### Data shown
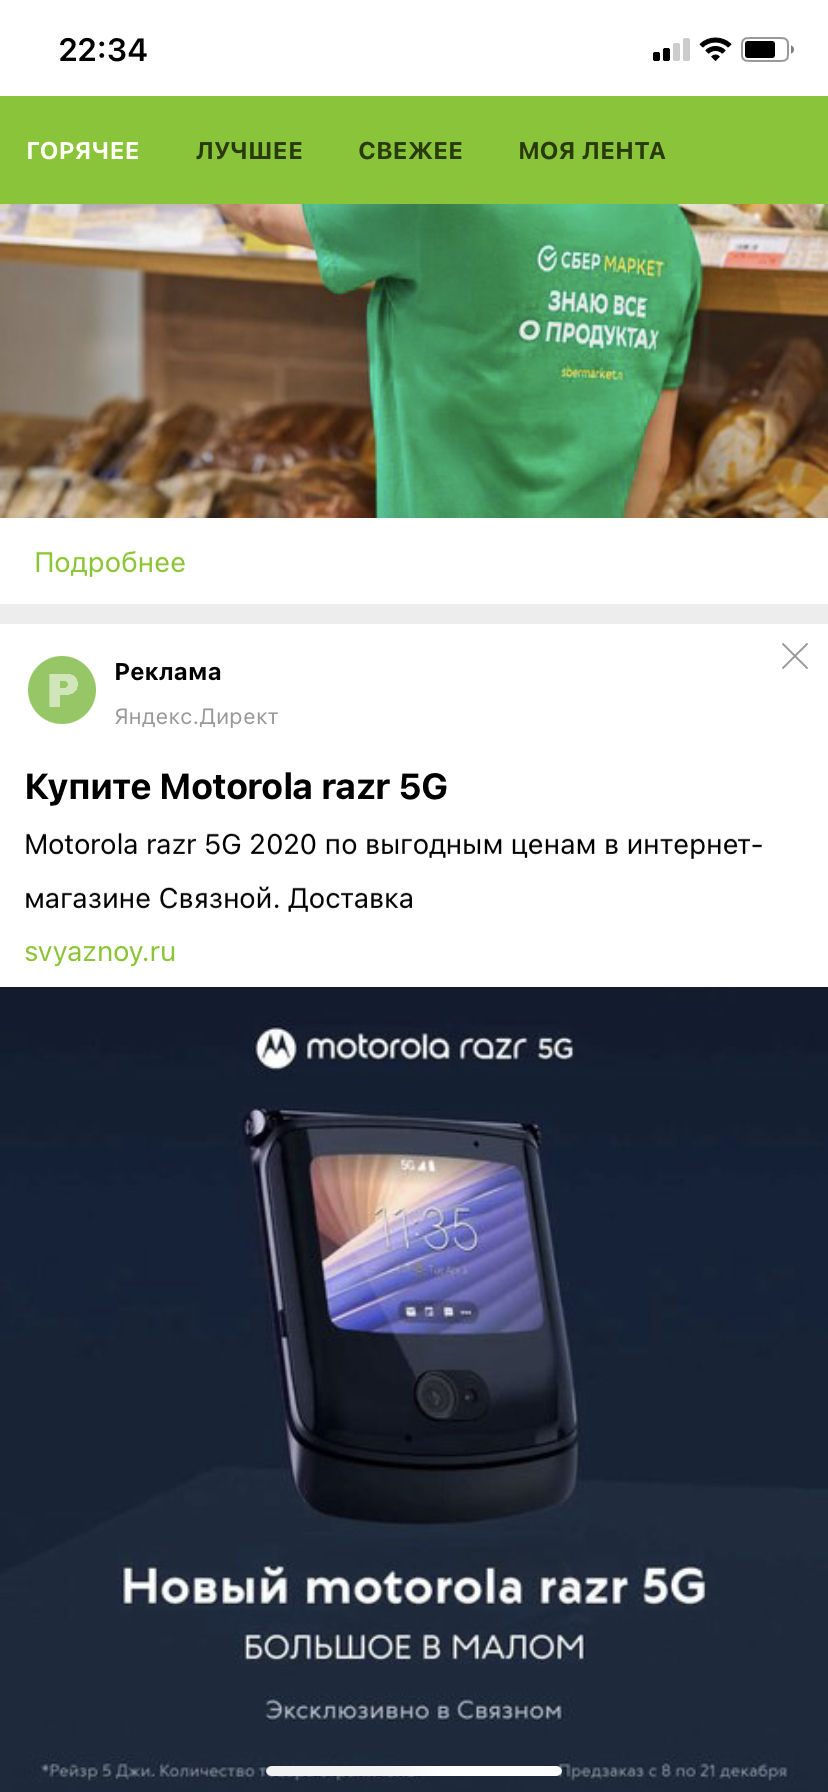 Haven't you gone nuts? - Advertising, Garbage, Yandex., Longpost
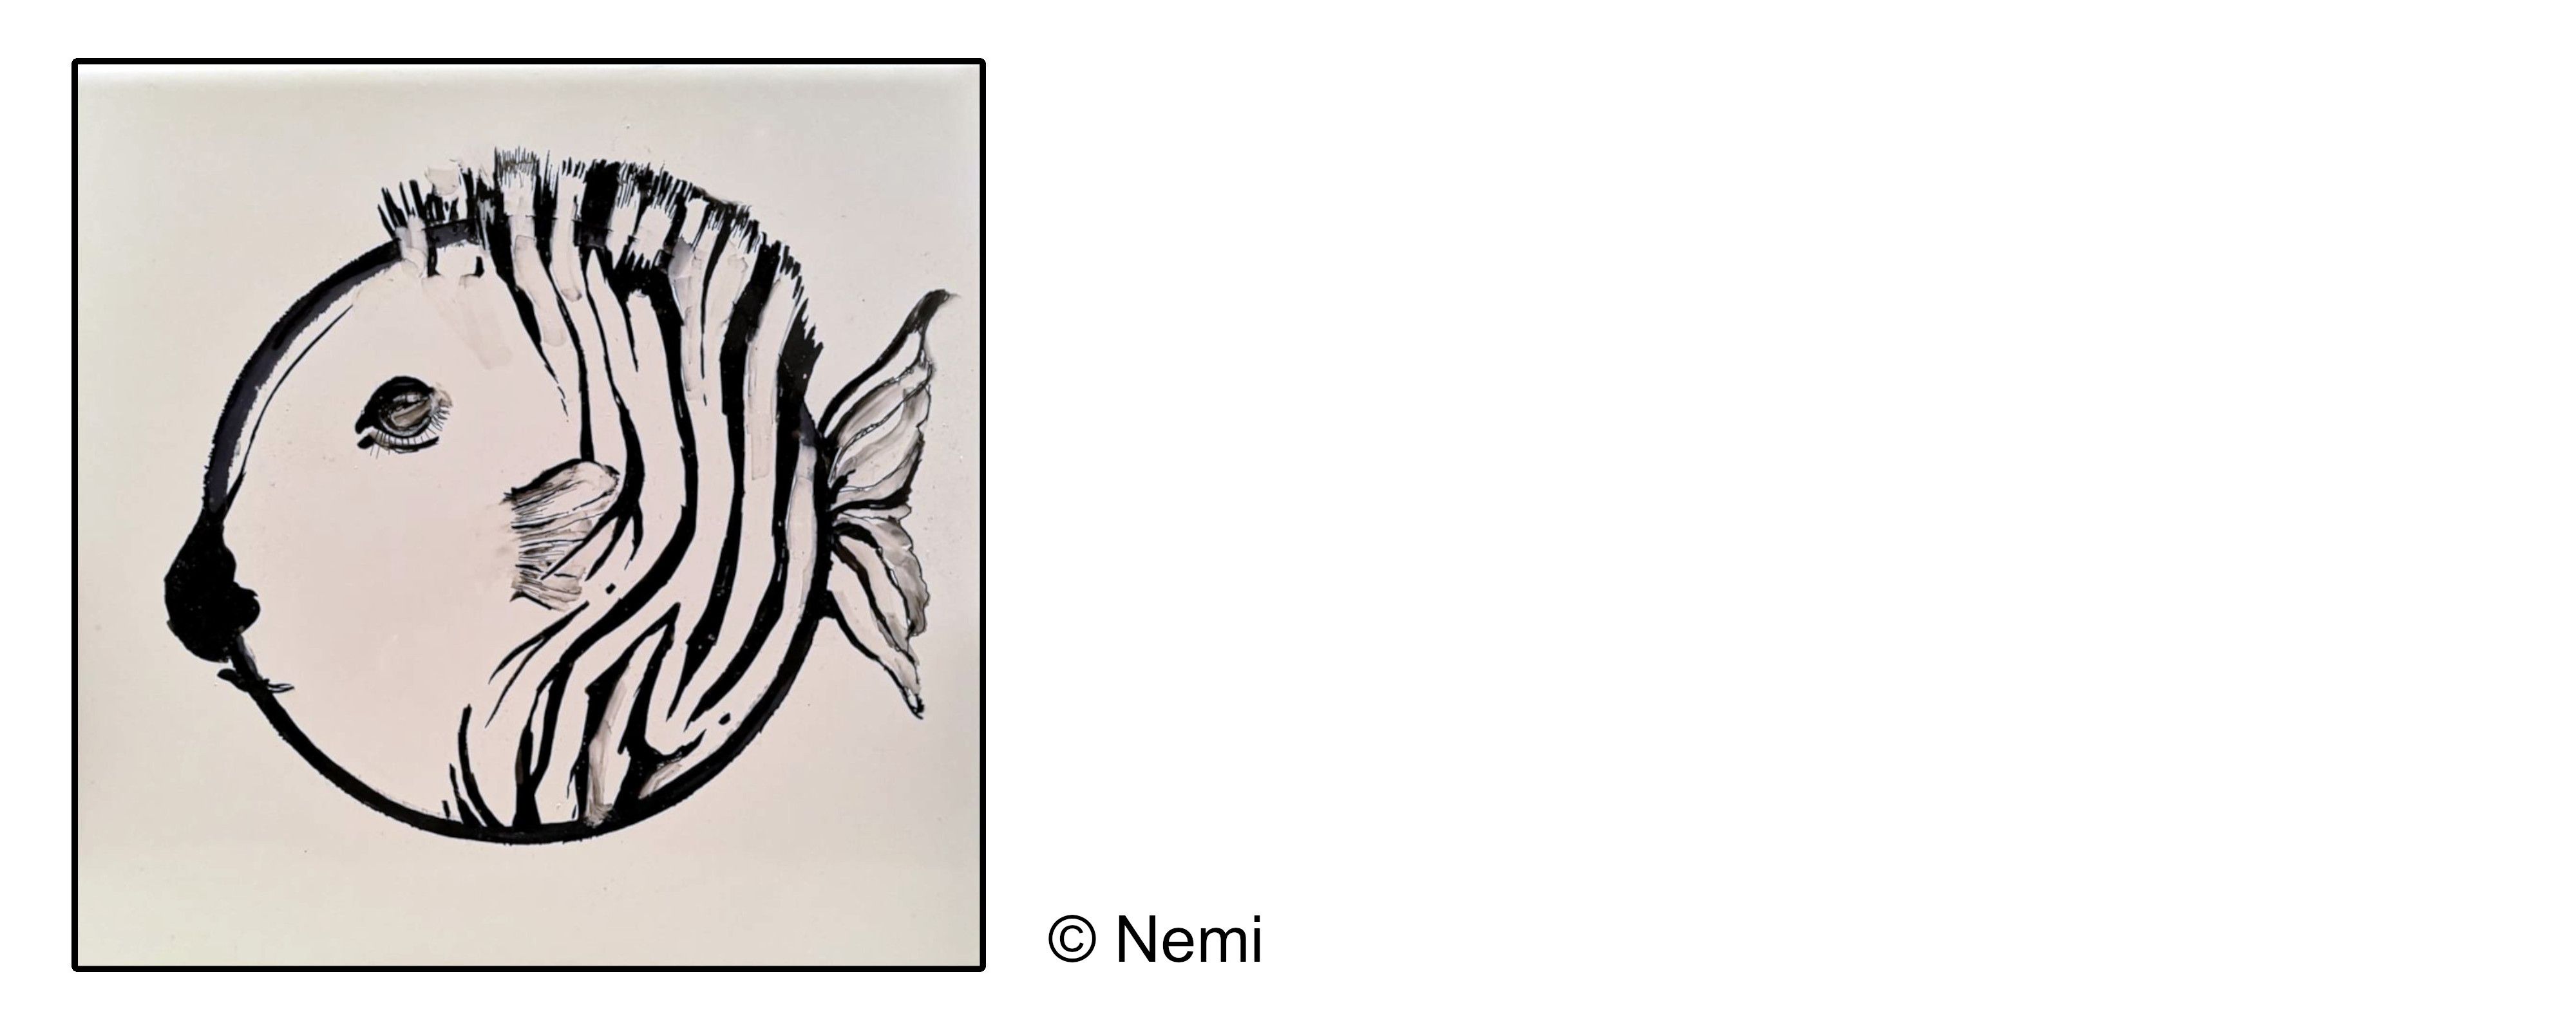 L'oeuvre de Nemi sur carreau © Nemi
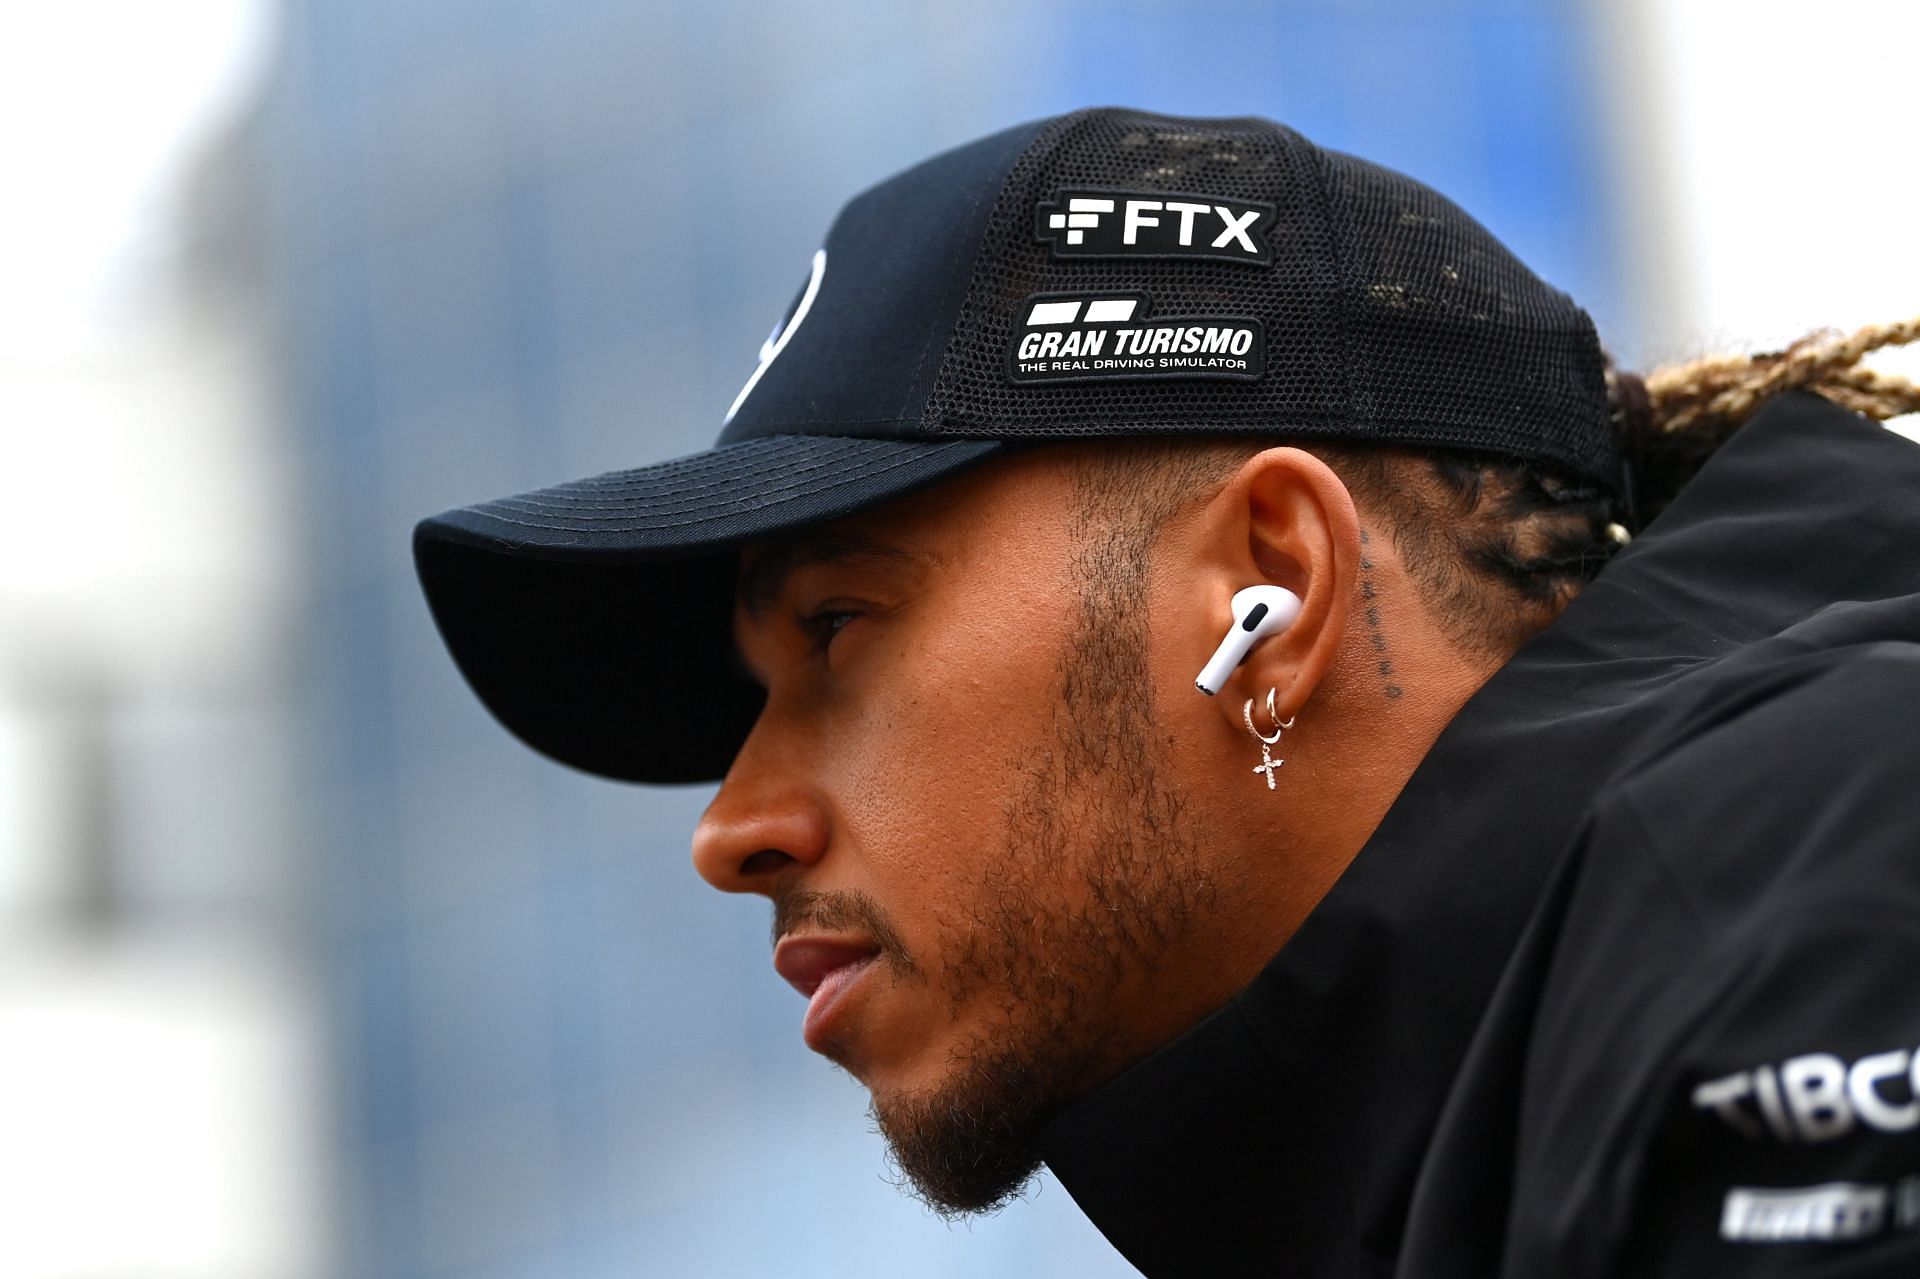 F1 Grand Prix of Hungary - Lewis Hamilton arrives at Hungaroring

### What is needed
Set down all of the material above exactly as written, leaving the pictures out.

### Response
 Haven't you gone nuts? - Advertising, Garbage, Yandex., Longpost
 L'oeuvre de Nemi sur carreau © Nemi
 F1 Grand Prix of Hungary - Lewis Hamilton arrives at Hungaroring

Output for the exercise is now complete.